Interesting repo. The system prompt alone eats ~14K tokens per prompt. On top of that, Claude Code reads dozens of project files for context.
I tracked the full breakdown on a real project: ~14K system prompt + ~180K codebase reads + conversation history = the agent is processing 200K+ tokens before it starts reasoning about your actual question.
The system prompt is fixed cost. The conversation history grows linearly. The codebase reads are the variable you can actually control.
Has anyone mapped the full token breakdown per prompt including the system prompt overhead documented here? Would be useful data for the community.
I have benchmark data on reducing the codebase read portion: vexp.dev/benchmark
Interesting repo. The system prompt alone eats ~14K tokens per prompt. On top of that, Claude Code reads dozens of project files for context.
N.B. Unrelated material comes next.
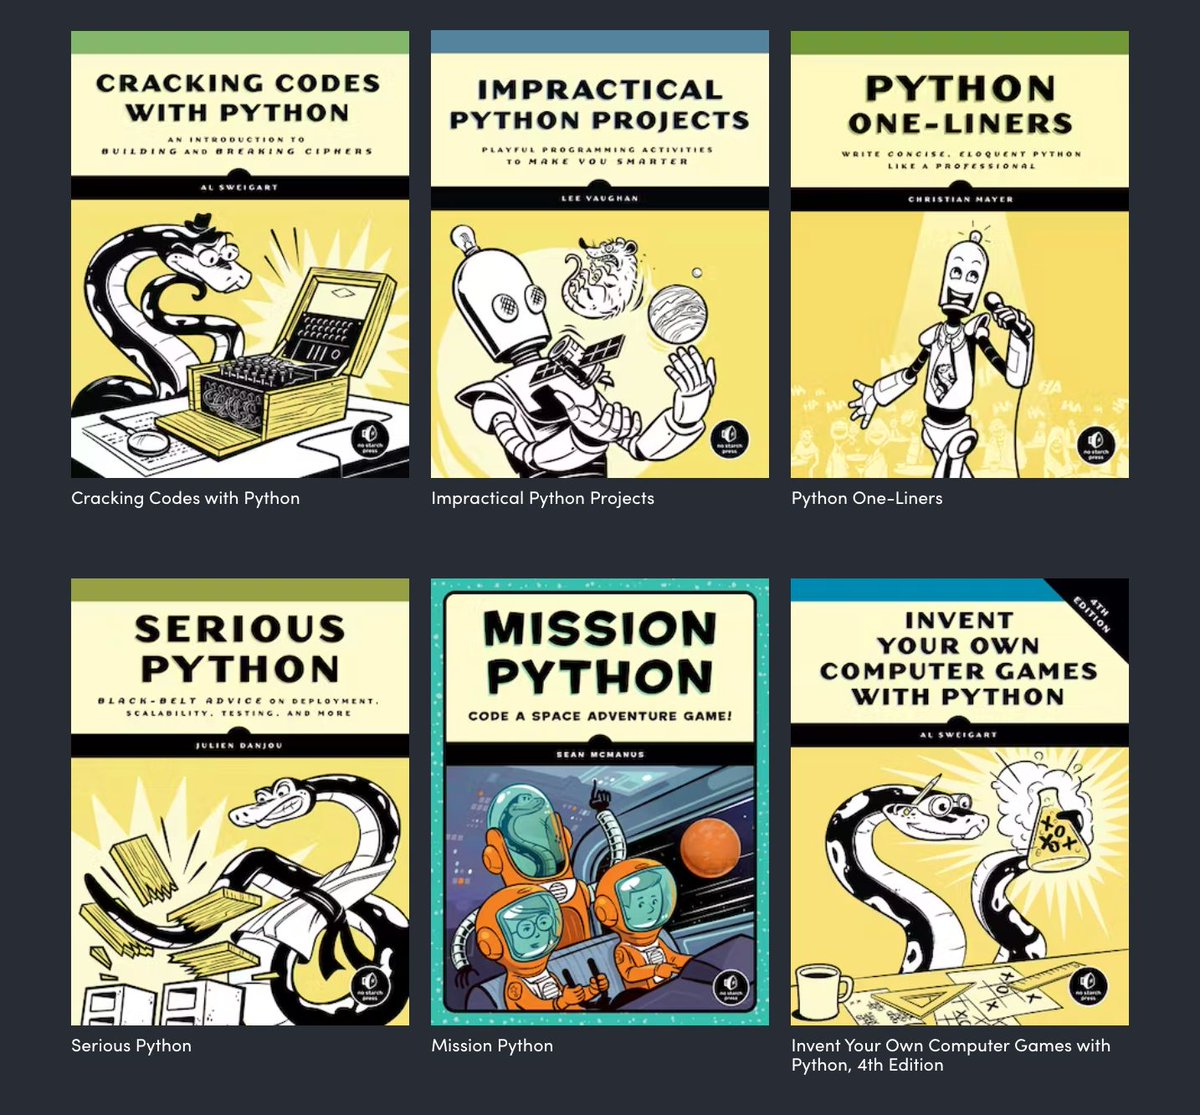 Python Book Bundle to Read! #BigData #Analytics #DataScience #IoT #IIoT #PyTorch #Python #RStats #TensorFlow #Java #JavaScript #ReactJS #GoLang #CloudComputing #Serverless #DataScientist #Linux #Books #Programming #Coding #100DaysofCode 
geni.us/Python-BookBun…

I tracked the full breakdown on a real project: ~14K system prompt + ~180K codebase reads + conversation history = the agent is processing 200K+ tokens before it starts reasoning about your actual question.
The system prompt is fixed cost. The conversation history grows linearly. The codebase reads are the variable you can actually control.
Has anyone mapped the full token breakdown per prompt including the system prompt overhead documented here? Would be useful data for the community.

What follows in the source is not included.